Dermatoosteopoikilosis; BOS; Dermatofibrosis, disseminated with osteopoikilosis; Dermatoosteopoikilosis; BOS; Dermatofibrosis, disseminated with osteopoikilosis; Dermatofibrosis lenticularis disseminata with osteopoikilosis; Osteopathia condensans disseminata See More

Categories:

Congenital and Genetic Diseases; Musculoskeletal Diseases; Skin Diseases

Summary Summary

Buschke Ollendorff syndrome (BOS) is a genetic condition of the connective tissue. Common signs and symptoms include non-cancerous skin lumps and spots of increased bone density (which can be seen on X-ray).^[1]^[2] Some people with BOS have both skin and bone symptoms, while others have one or the other. Individual cases of BOS have occurred in association with joint pain, hearing disorders (e.g., otosclerosis), congenital spinal stenosis, craniosynostosis, and nail patella syndrome.^[1]^[3] Symptoms of BOS may begin at any age, but most often present before age 20.^[3] BOS is caused by mutations in the LEMD3 gene. The mutation results in a loss of protein (also named LEMD3) that results in the excessive formation of bone tissue. It is not clear how the LEMD3 mutations cause the skin lumps or other features of BOS.^[4] BOS is inherited in an autosomal dominant fashion.^[1] Affected members of the same family can have very different symptoms.

Last updated: 3/16/2011

Symptoms Symptoms

Buschke Ollendorff syndrome (BOS) is an association of connective tissue nevi and osteopoikilosis (small, round areas of increased bone density). The nevi are typically present on the trunk, in the sacrolumbar region (lower back and sacrum), and on the extremities (arms and legs). Occasionally, they may be on the head. The nevi are usually nontender and firm,^[1] and are typically first noticeable as slightly elevated and flattened yellowish bumps, grouped together and forming plaques that may be several centimeters in diameter. The plaques are typically of irregular shape. They are usually numerous, painless, and develop over several years.^[5] The osteopoikilosis typically occurs in the long bones, wrist, foot, ankle, pelvis, and scapula. They are harmless and usually found by chance when radiographs are taken for other purposes, although pain and limited joint mobility have been reported in some individuals.^[2] In some individuals, only skin or bone manifestations may be present.^[5]

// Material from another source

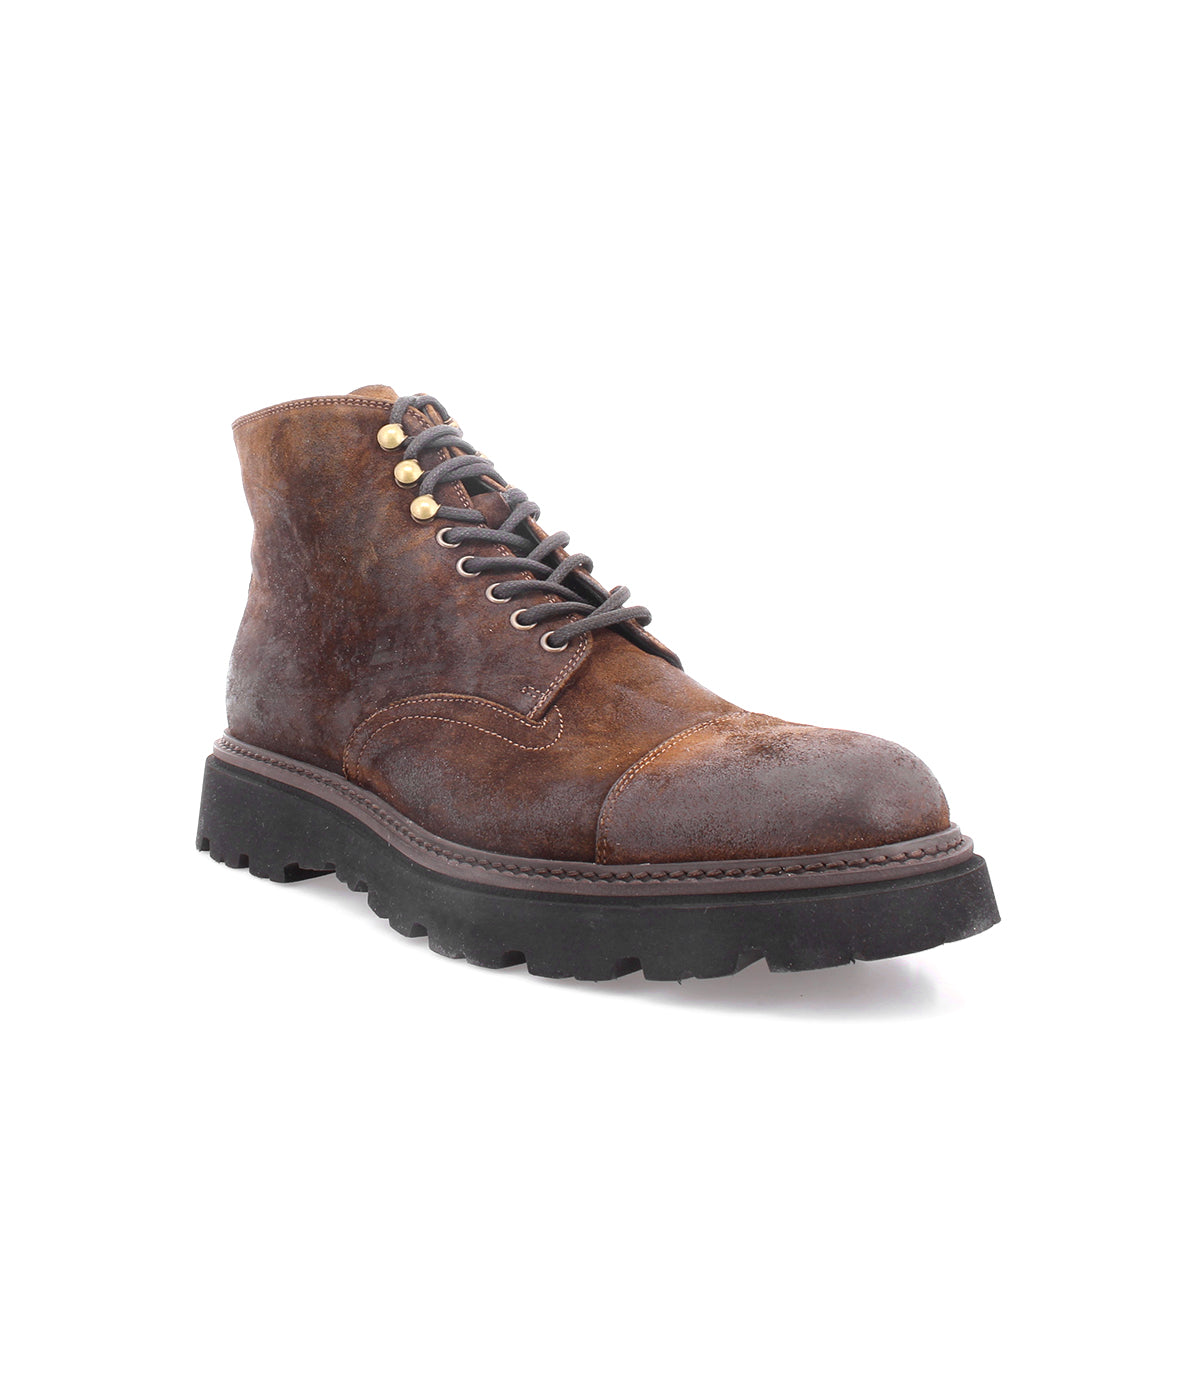 An Italian work-style boot, the Goer by Bed Stu, with oiled suede leather, known for its durability, featuring black soles.
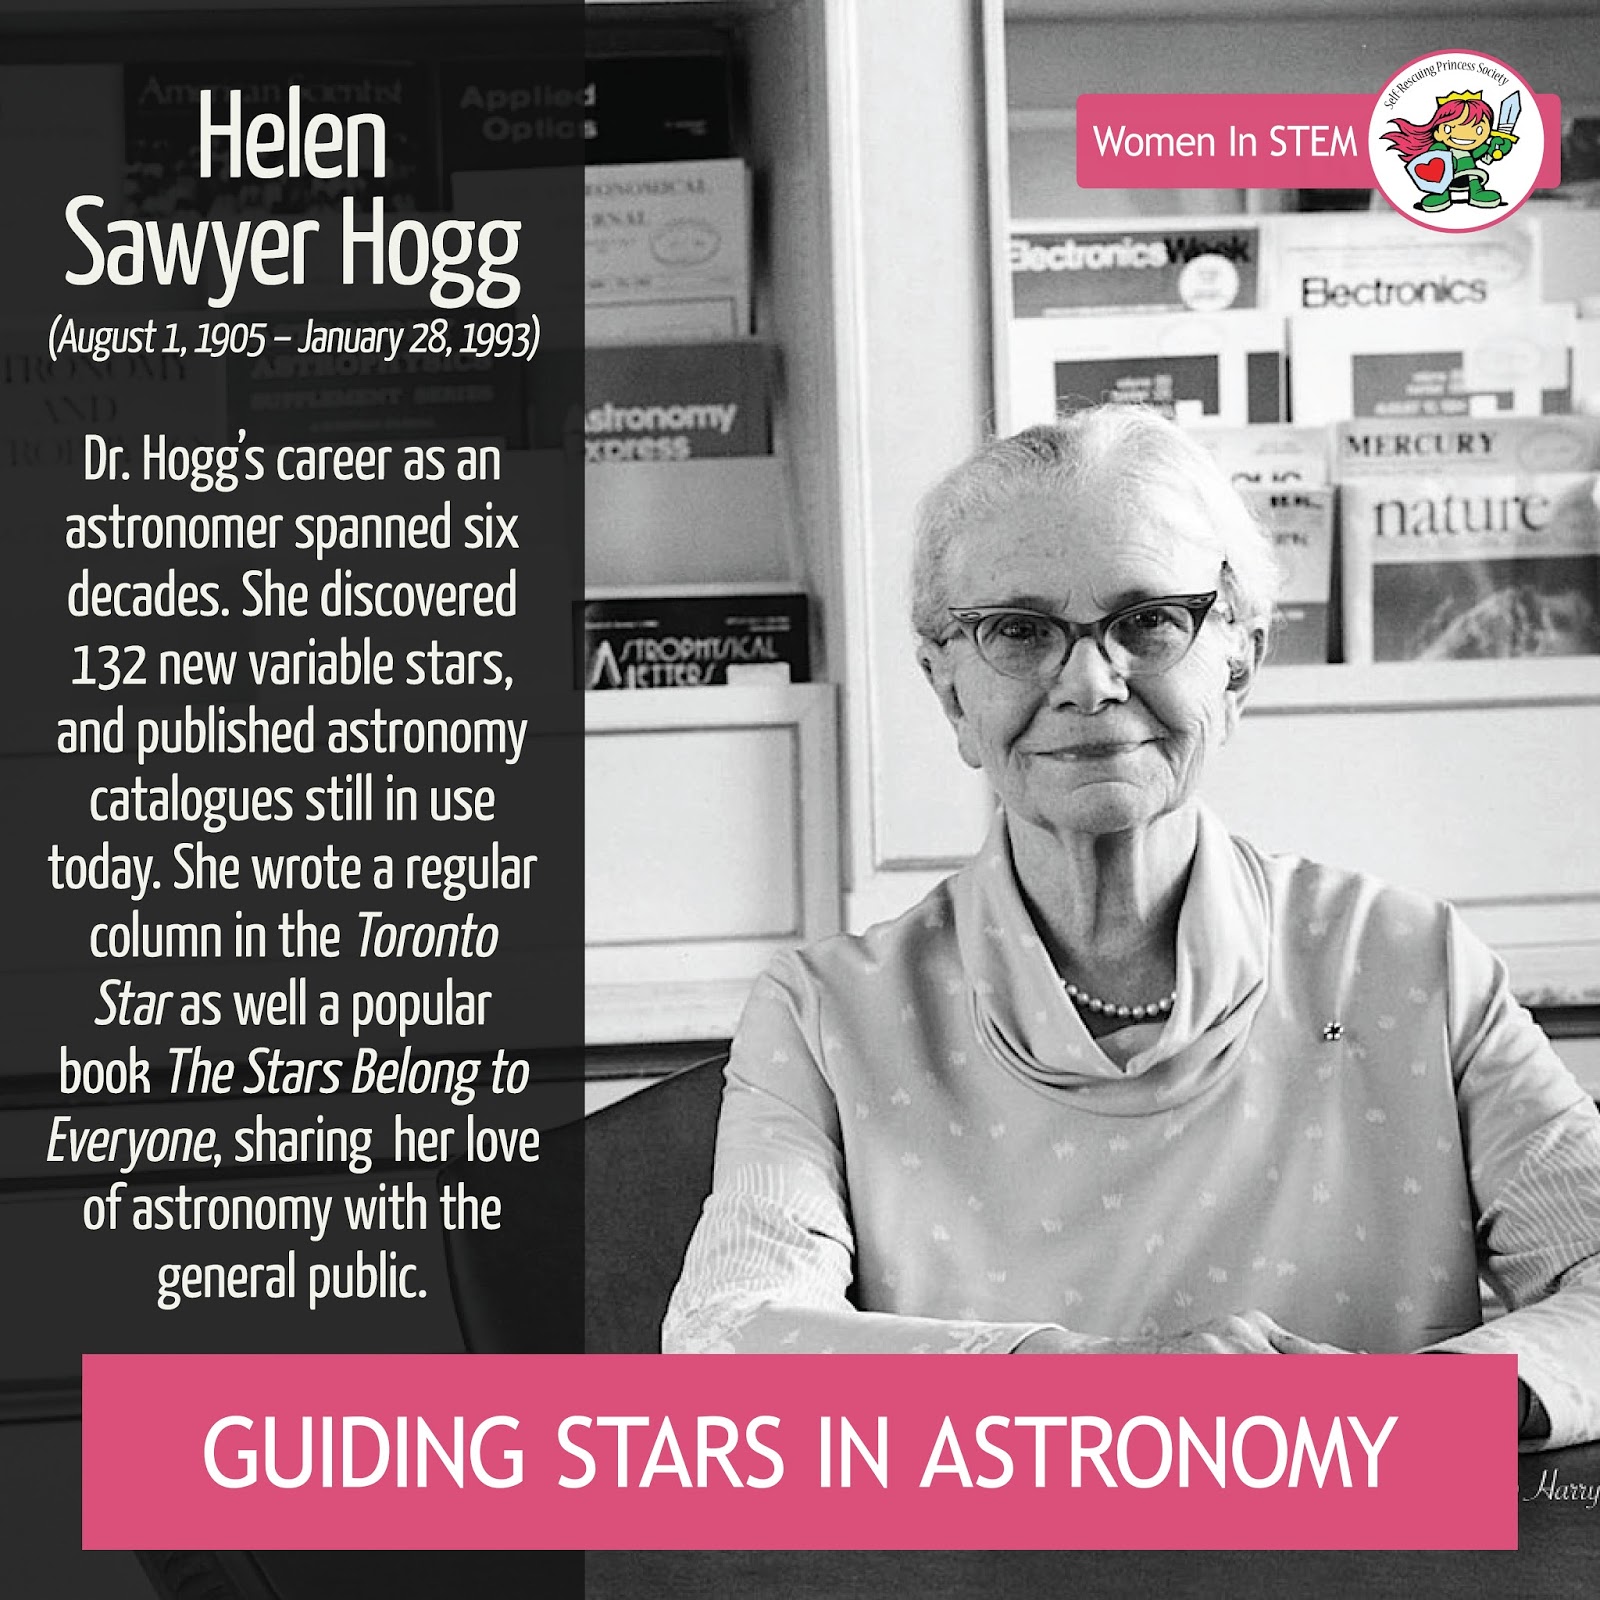 Self-Rescuing Princess Society: Guiding Stars in Astronomy: Helen Sawyer Hogg

Other signs and symptoms of BOS may include nasolacrimal duct obstruction, amblyopia ("lazy eye"), strabismus, benign lymphoid hyperplasia, hypopigmentation (abnormally light skin), and short stature. Congenital spinal stenosis (narrowing of the spine), disc herniation, clubfoot deformity, and nerve root compression may be present. Otosclerosis (abnormal growth of bone in the middle ear) with or without hearing loss may occur, but is rare.^[5]

Last updated: 3/16/2011

This table lists symptoms that people with this disease may have. For most diseases, symptoms will vary from person to person. People with the same disease may not have all the symptoms listed. This information comes from a database called the Human Phenotype Ontology (HPO) . The HPO collects information on symptoms that have been described in medical resources. The HPO is updated regularly. Use the HPO ID to access more in-depth information about a symptom.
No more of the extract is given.